Two significant things about Andy was his sexuality and his religious beliefs. Many people thought of Warhol as "asexual", but it was well established he was a homosexual. His sexuality can be seen in work through his erotic photography, drawings of male nudes and films such as "Blow Job" and "Lonesome Cowboys". His work was drawn from the gay underground culture and many of his films were shown in gay porn theatres. At the beginning of his career, his work was rejected from galleries for being too "openly gay". His camp personality also made it difficult for him to fit in in social situations, but he refused to change his attitude.
Warhol was a practicing Byzantine Catholic. He regularly volunteered at homeless shelters in New York, particularly during the busier times of the year, and described himself as a religious person. Several of Warhol's later works depicted religious subjects, including two series, Details of Renaissance Paintings and The Last Supper. In addition, a body of religious-themed works was found posthumously in his estate. During his life, Warhol regularly attended Mass, and the priest at Warhol's church, Saint Vincent's, said that the artist went there almost daily. His art is noticeably influenced by the eastern Christian iconographic tradition which was so evident in his places of worship.

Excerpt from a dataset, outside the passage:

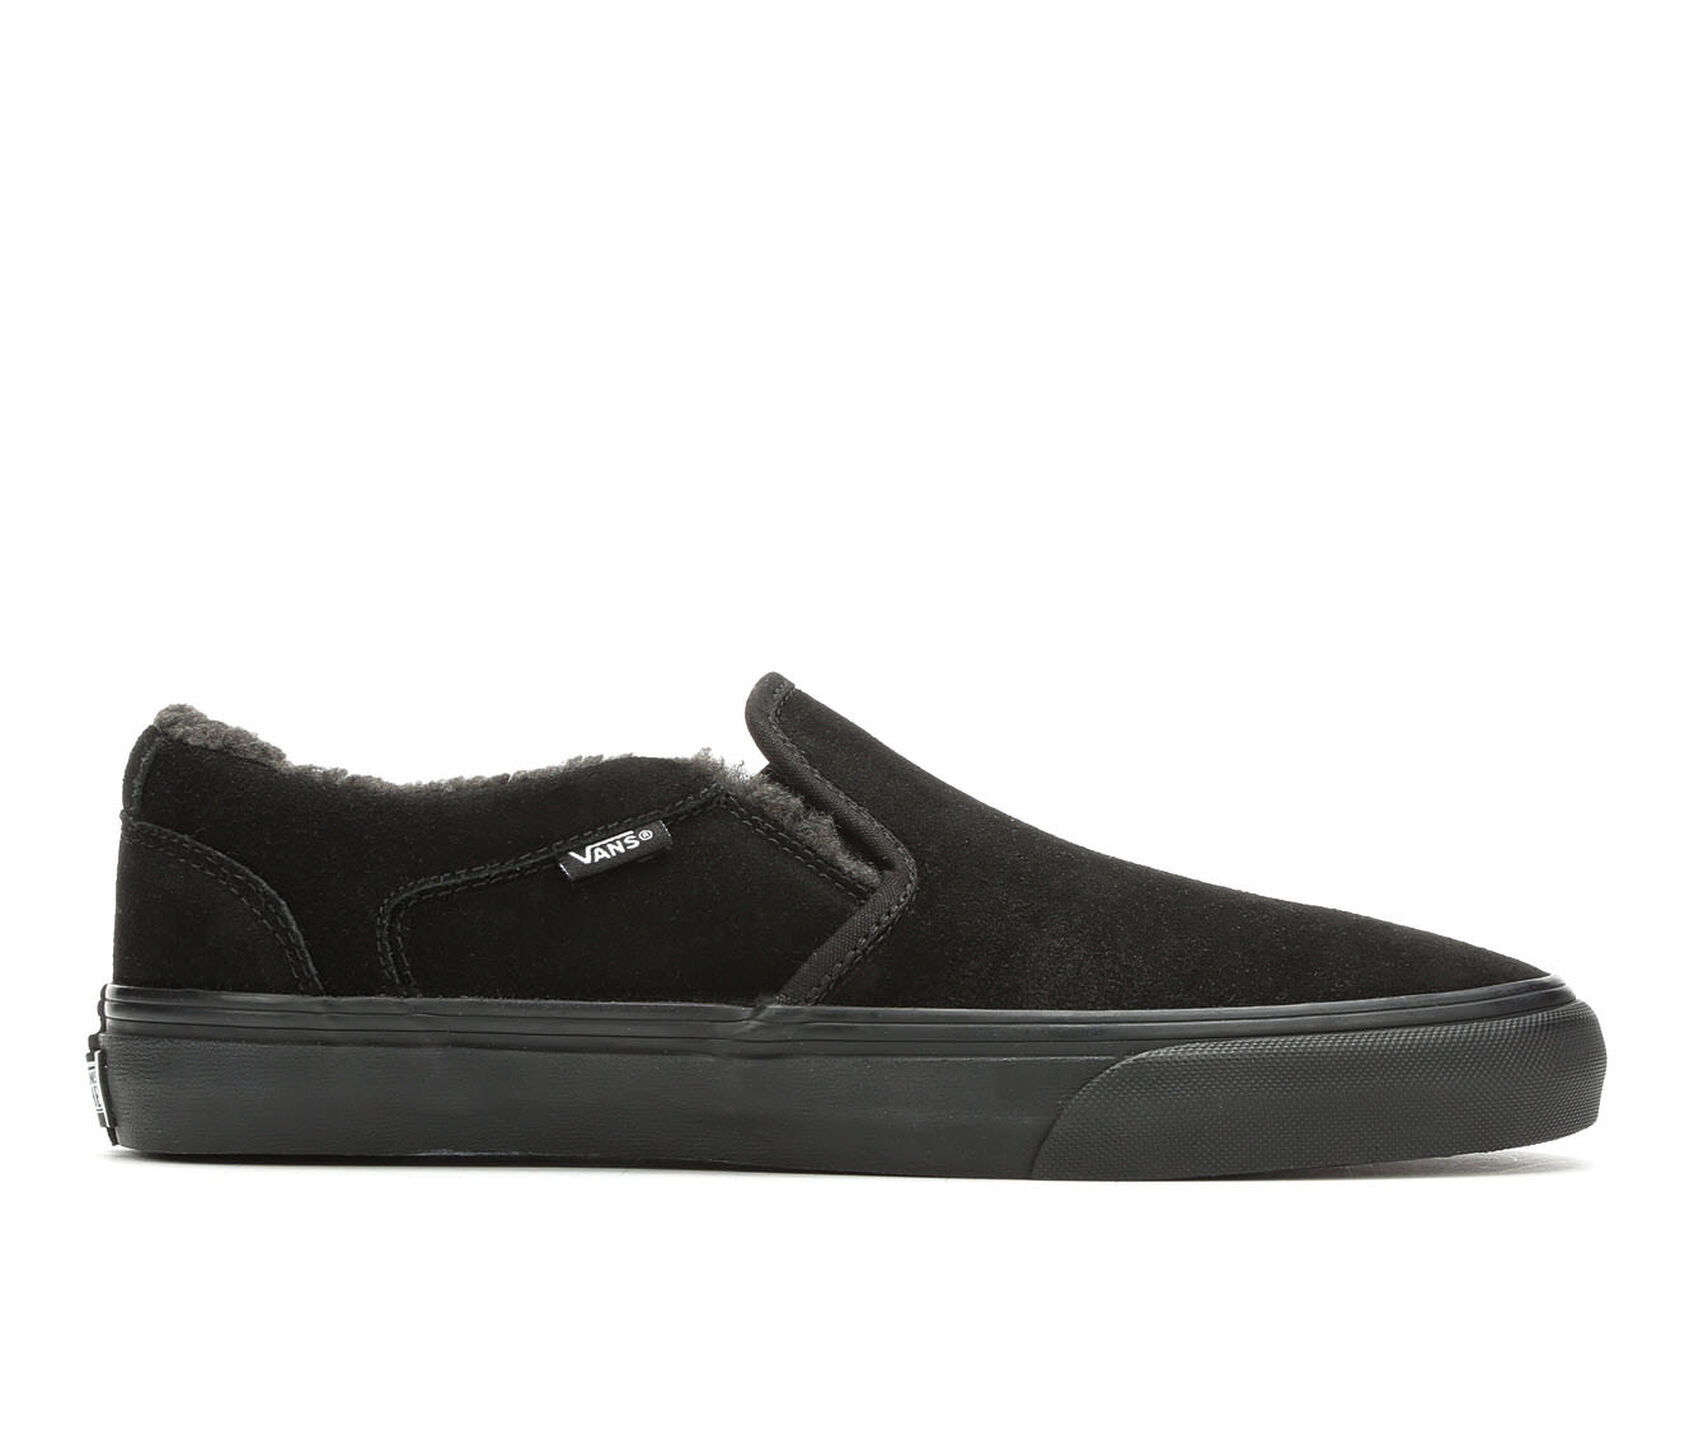 a5a3cbdb065 ... Vans Asher-Deluxe Skate Shoes. Previous
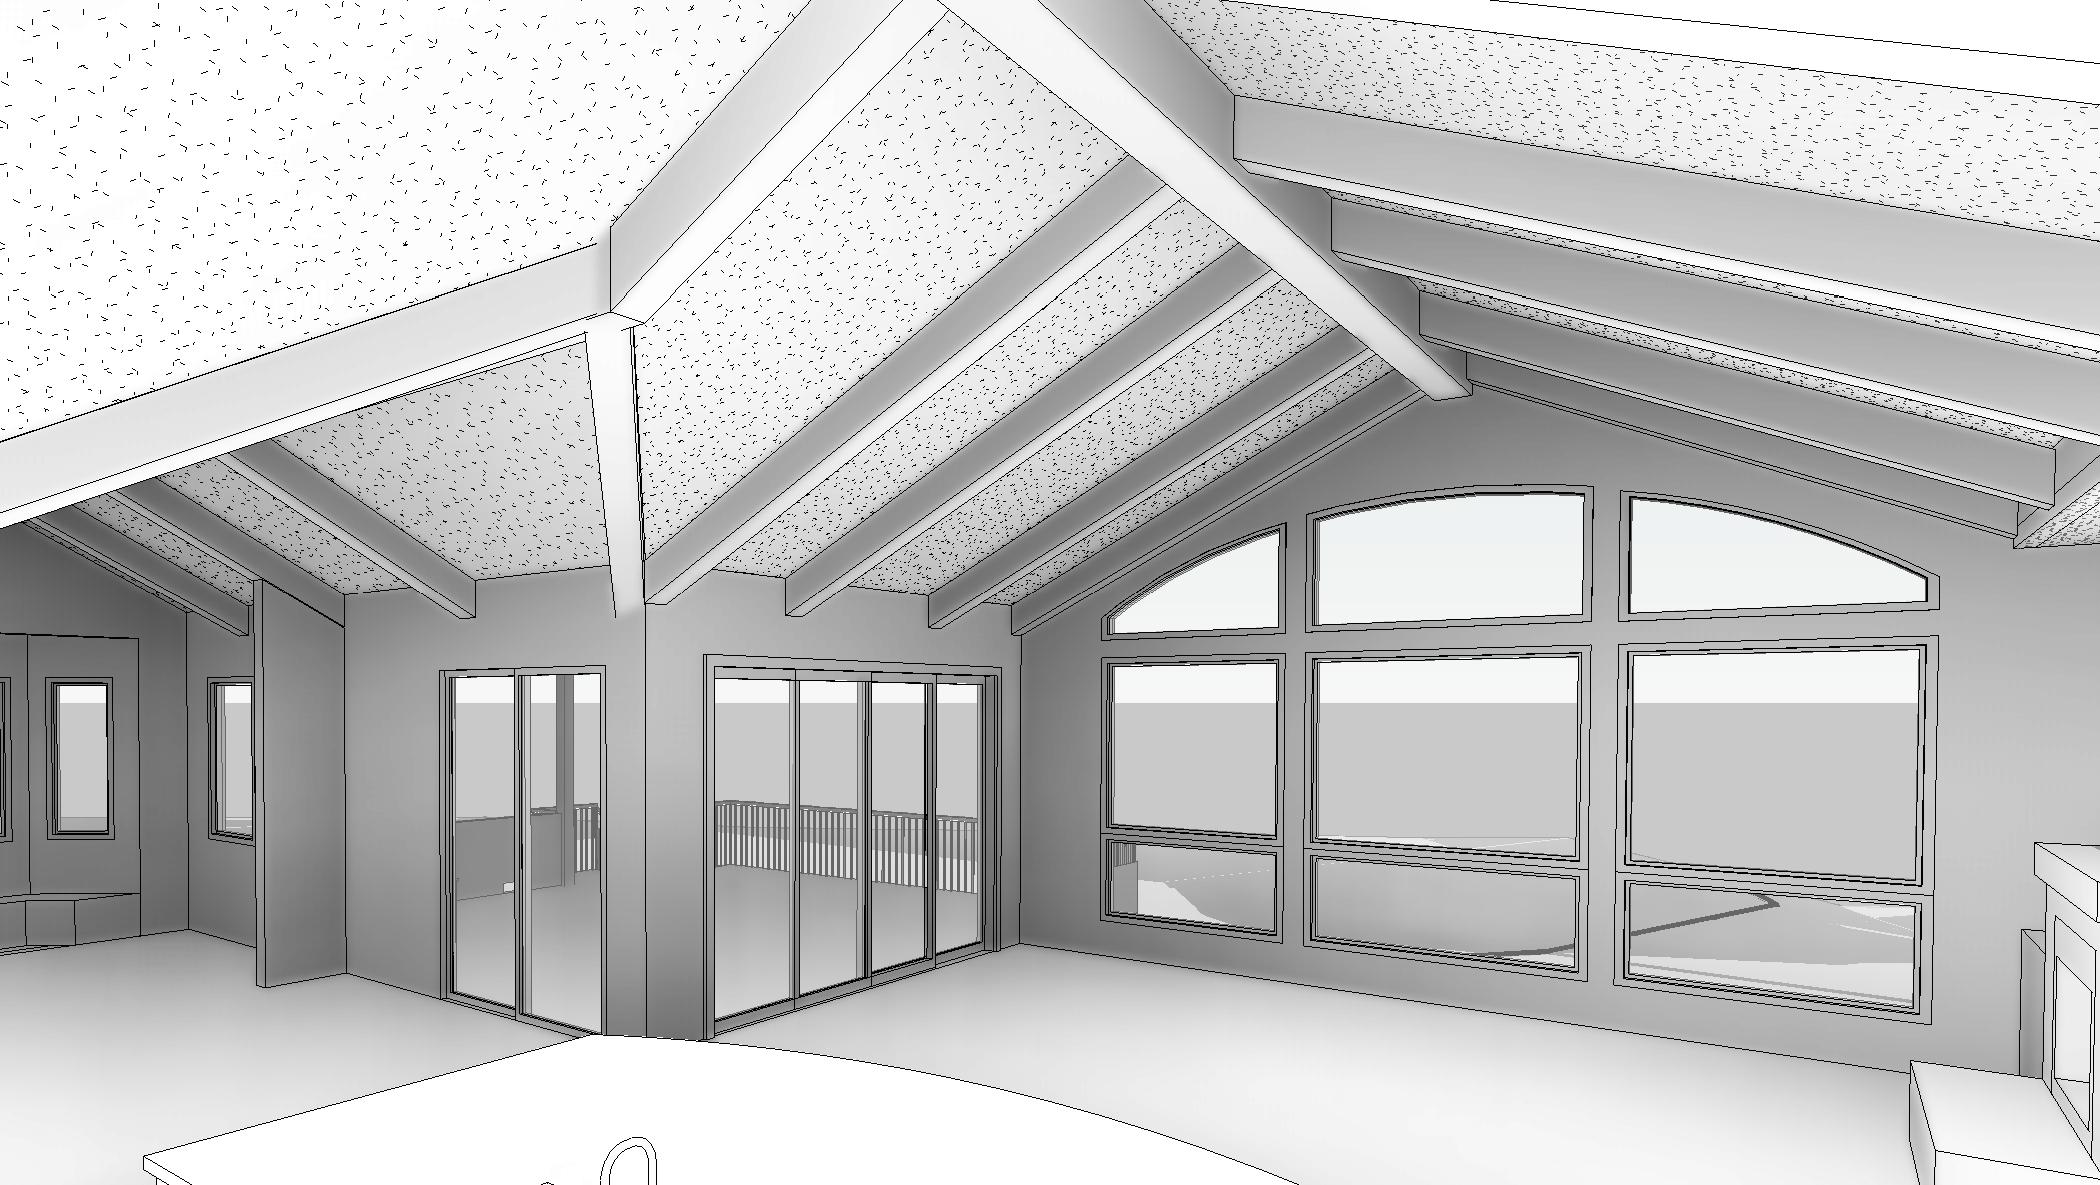 Sanchez Residence_21 - 3D View - INTERIOR 2.jpg

Warhol died in New York City at on February 22, 1987. According to news reports, he had been making good recovery from a routine gallbladder surgery at New York Hospital before dying in his sleep from a sudden post-operative cardiac arrhythmia (irregular heart beats and electric impulses in the heart). Prior to his diagnosis and operation, Warhol delayed having his recurring gallbladder problems checked, as he was afraid to enter hospitals and see doctors. His family sued the hospital for inadequate care, saying that the arrhythmia was caused by improper care and hyperhydration.

The coffin was a solid bronze casket with gold plated rails and white upholstery. Warhol was dressed in a black cashmere suit, a paisley tie, a platinum wig, and sunglasses. He was posed holding a small prayer book and a red rose.